Mission

To support the growth of relational machine learning.

How to cite

BibTeX:

@misc{motl2024ctupraguerelationallearning,
    title={The CTU Prague Relational Learning Repository},
    author={Jan Motl and Oliver Schulte},
    year={2024},
    eprint={1511.03086},
    archivePrefix={arXiv},
    primaryClass={cs.LG},
    url={https://arxiv.org/abs/1511.03086},
}

Cite this article.

FAQ

Why are the datasets not stored in CSV files?

Because CSV files do not store information about data types, PKs, FKs and other constraints.

Why MariaDB database?

Because in combination with ClowdFlows you can process the datasets online.
Just open one of the public workflows (like Cross-validation), change the credentials in "MySQL Connect" operator to the credentials from the repository and you are ready to go!

Why am I not able to connect to the database?

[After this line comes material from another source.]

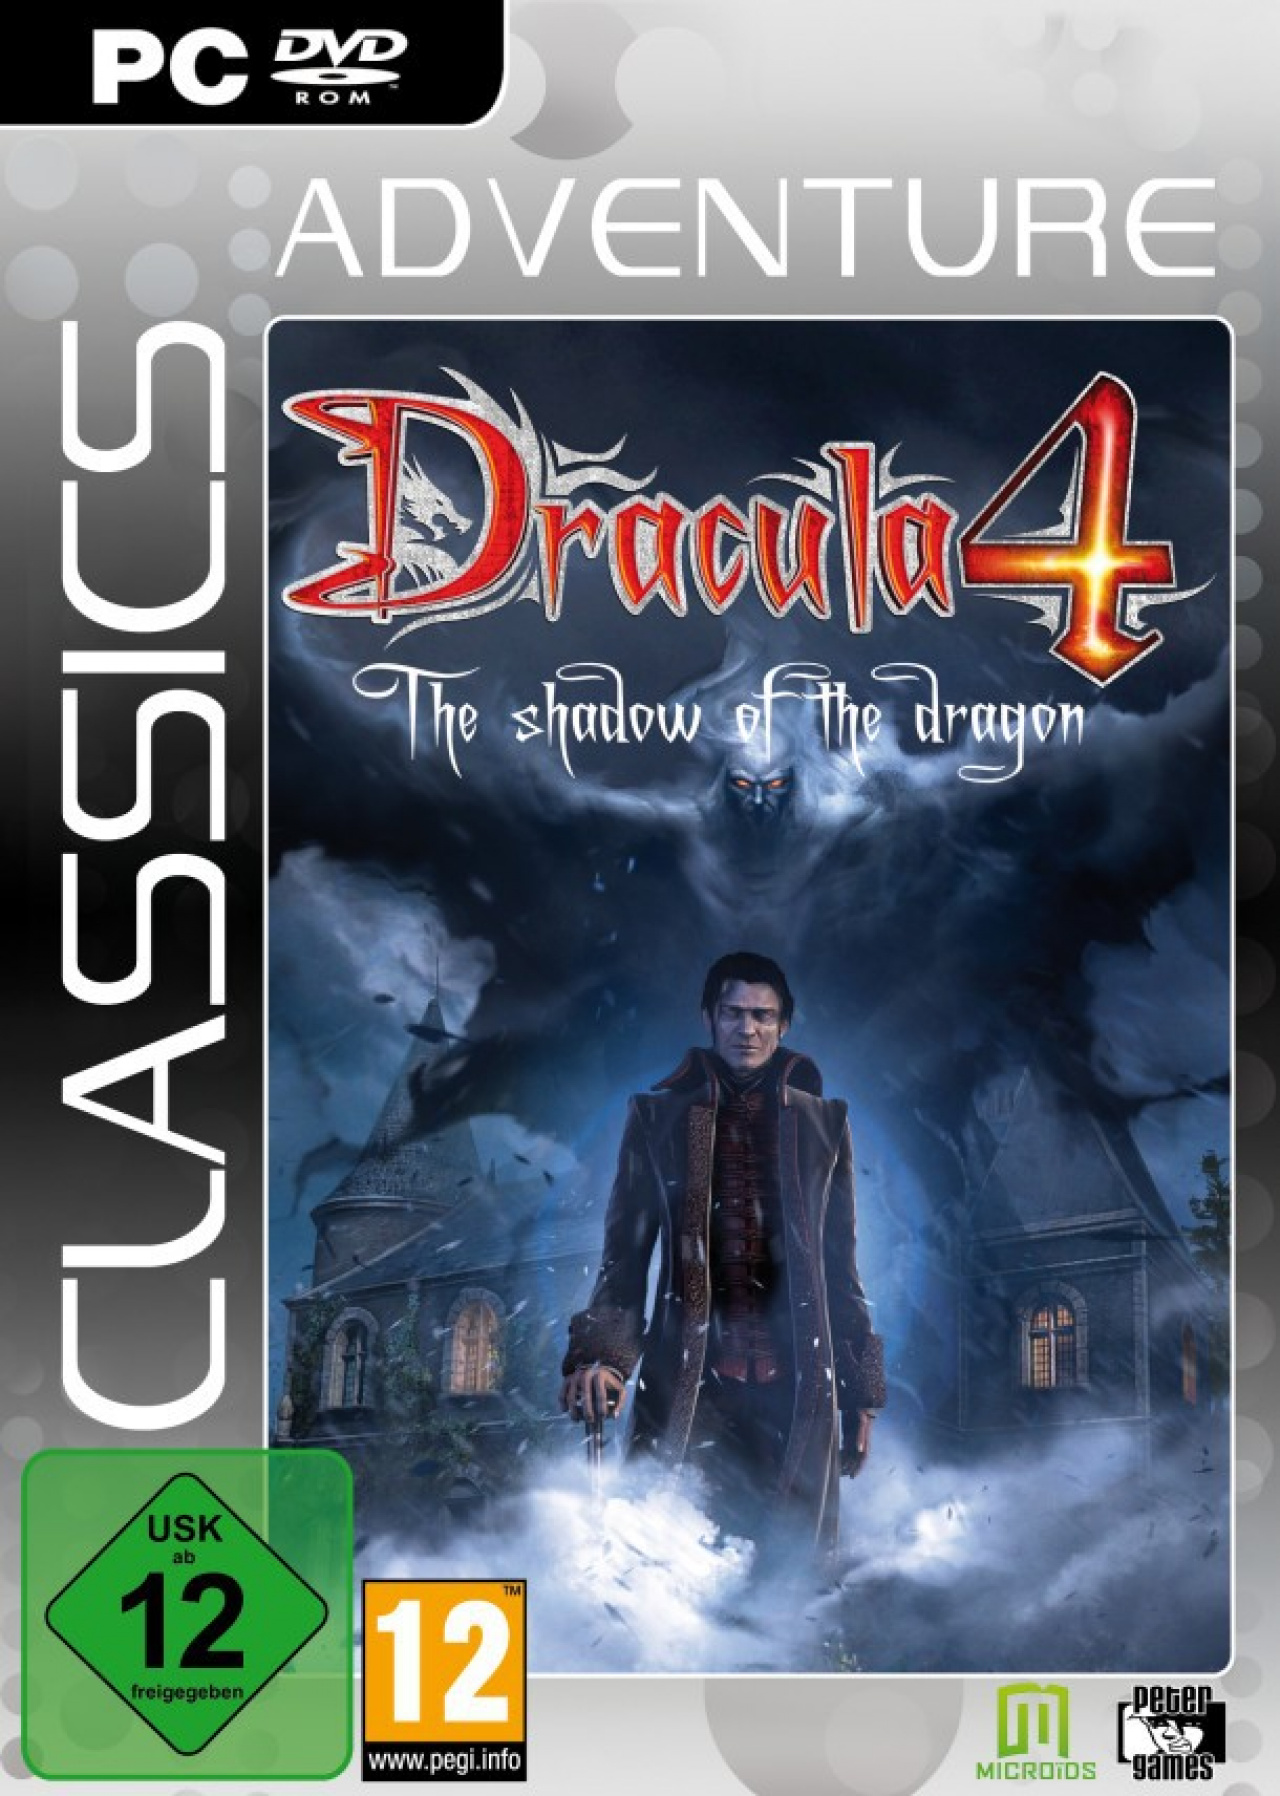 Dracula 4: The Shadow of the Dragon  Video Game Reviews and Previews PC,  PS4, Xbox One and mobile
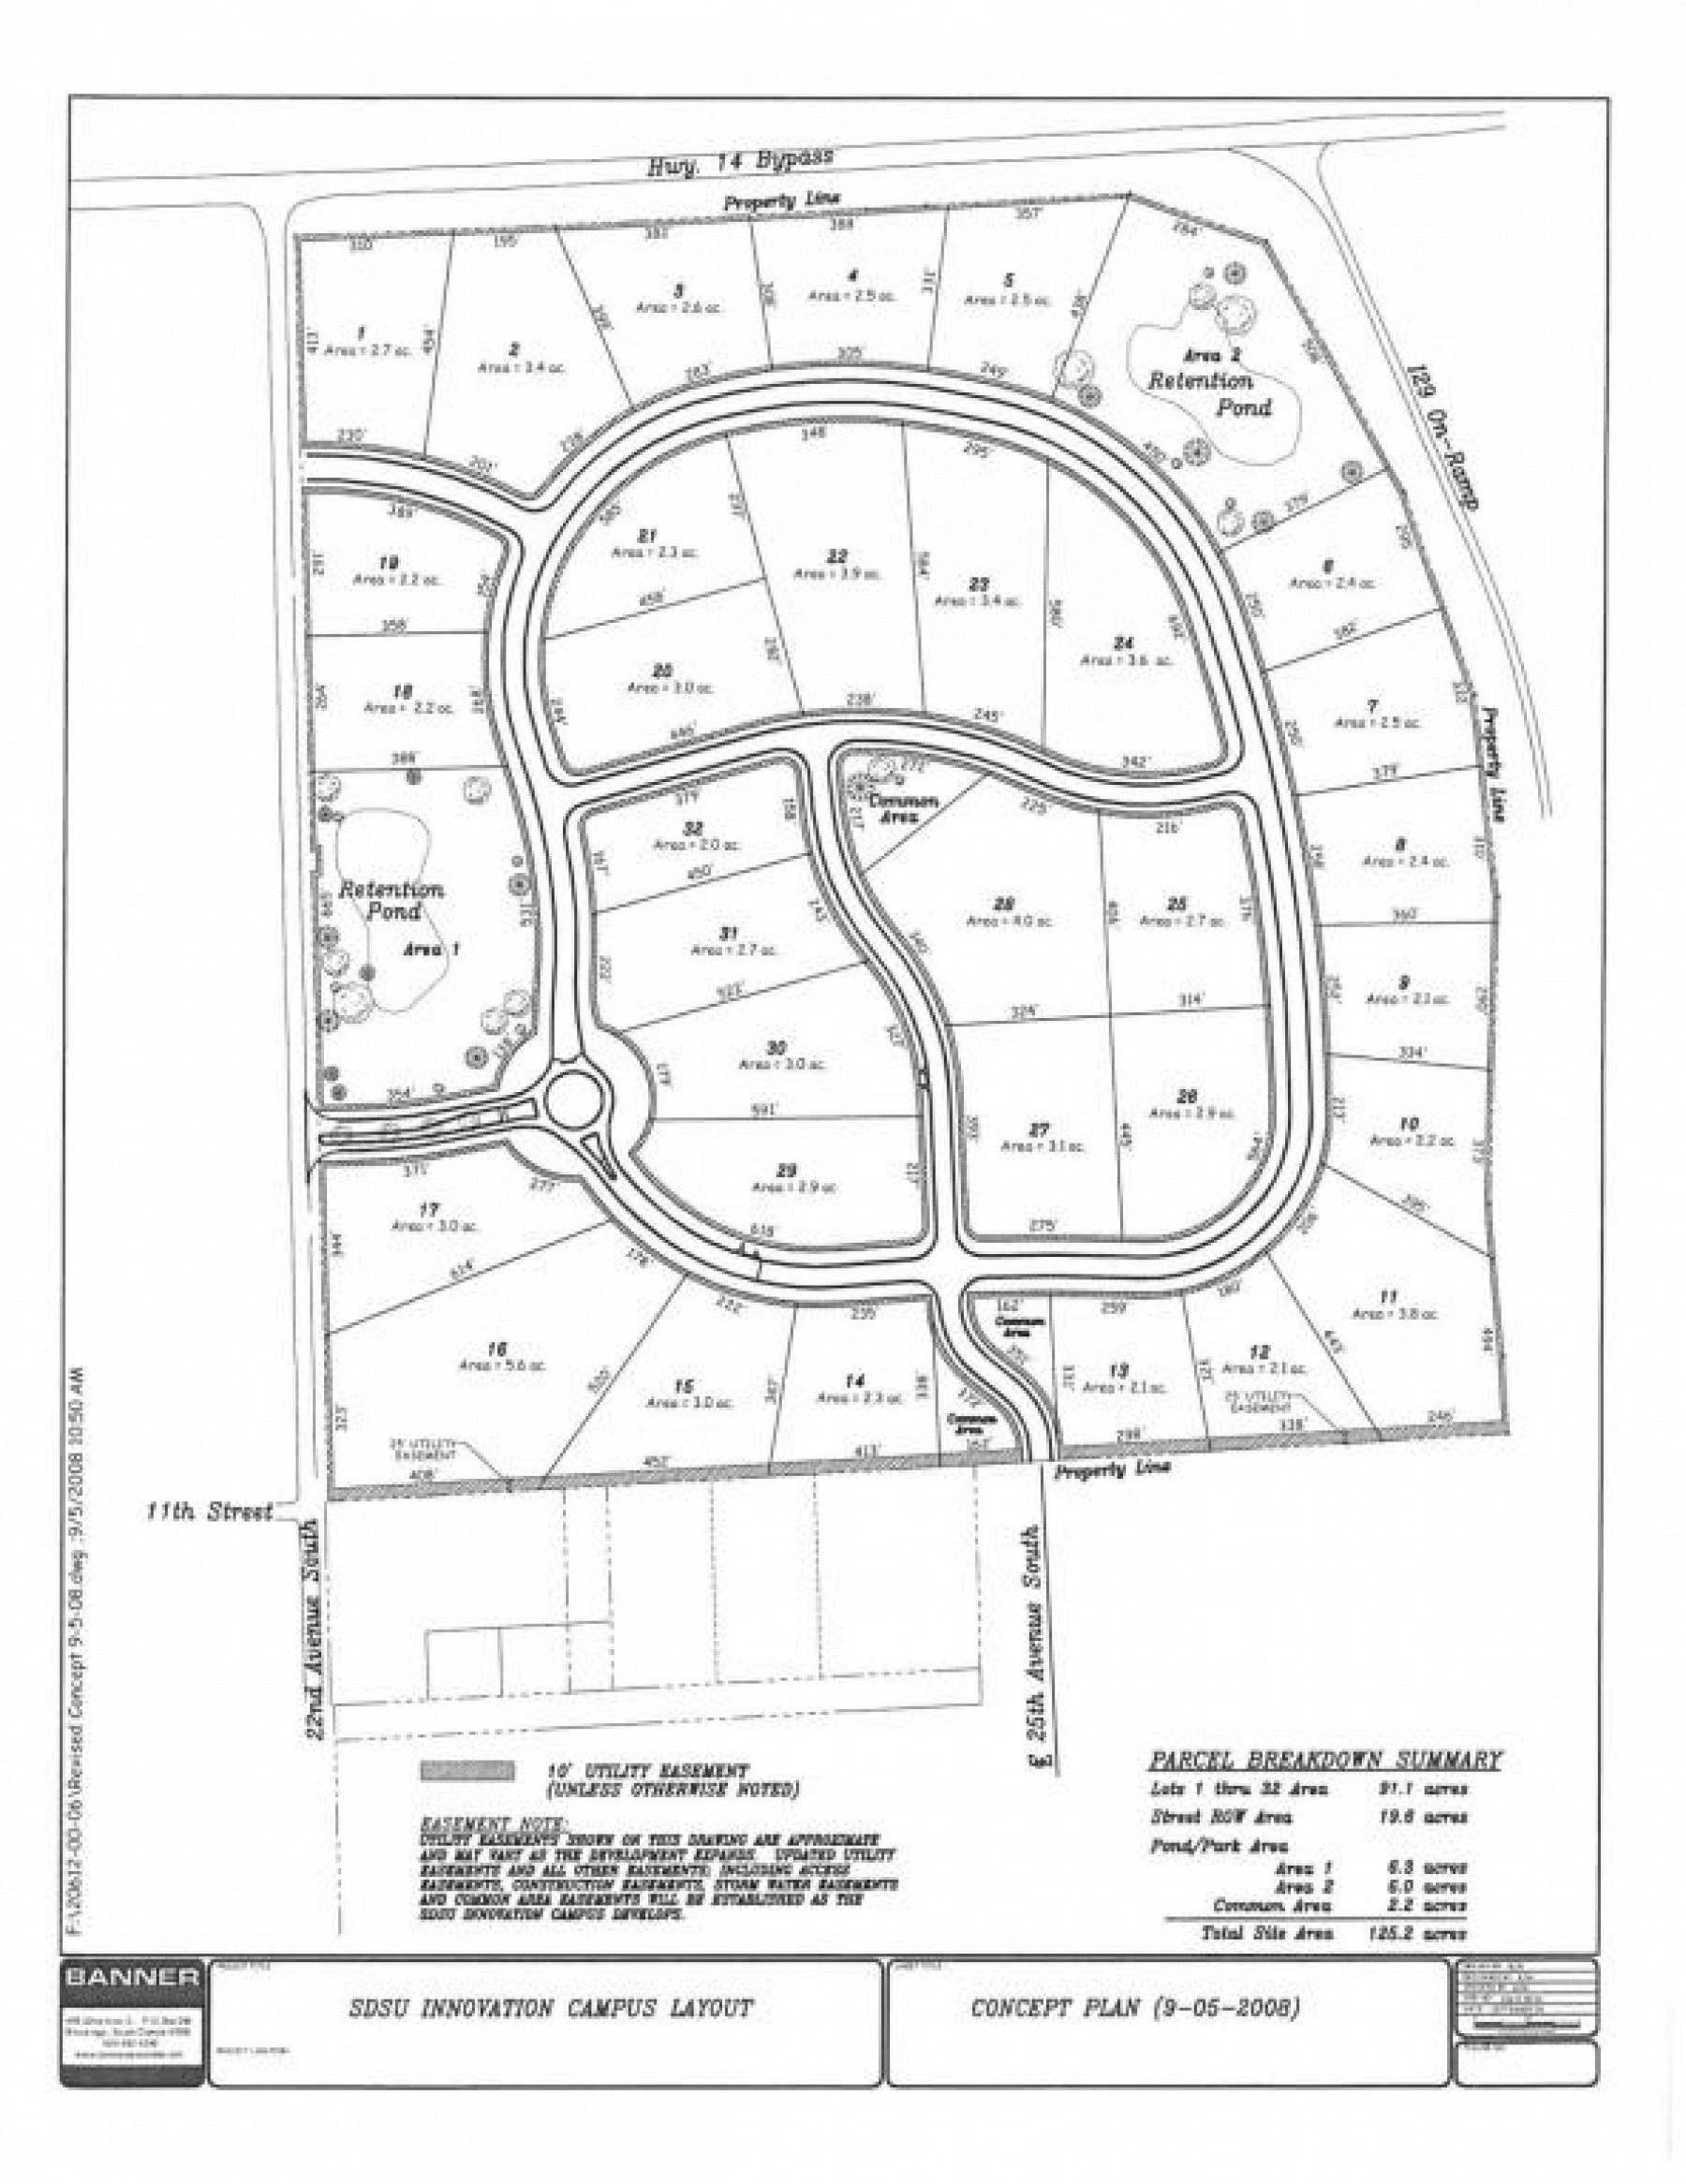 Lot 8 Innovation Campus, Brookings, SD 57006

If you are connecting to the database over a corporate network, the corporate firewalls could be the culprit (it may block port 3306).
Try to access the database with a different internet provider (e.g. with your cellular provider).
Also, keep in mind that database names are case sensitive. Database "mutagenesis" is not the same database as "Mutagenesis".
If the problems persist, contact us and provide us with the following information:

Your database client and its version (e.g. MySQL Workbench 6.3.10).
The database name you tried to connect to (e.g. mutagenesis).

Why MySQL Workbench complaints about incompatible/nonstandard server version?

We are using open source version of MySQL called MariaDB, hence the warning. For all purposes that the public account permits it is safe to ignore the message.

MySQL Workbench cannot acquire lock for a table when trying to dump a database

Make sure you disable the "lock-tables" option in the advanced options as the "guest" user does not have the privilege to lock tables.

Why mysqldump cannot find COLUMN_STATISTICS in information_schema?

MariaDB has the table in MYSQL.COLUMNM_STATS. Use one of the workarounds.

Why do the datasets contain missing values/composite keys/strange data types/any other ugly thing you may think of?

Because they are also present in the real datasets.

What is the point of including artificial datasets?

While datasets like Adventure Works may not contain any pattern that could be found during modeling, they still increase the diversity of the repository. For example, the named Adventure Works dataset has the highest table count in the whole repository.
If your algorithm can process all the tables present in Adventure Works, it may be able to process real-world datasets.

Tools that use our repository

dm: Relational Data Models, a package for working with relational data in R.
Data Xtractor, a visual SQL query builder for Windows.
getML, a propositionalization library in Python.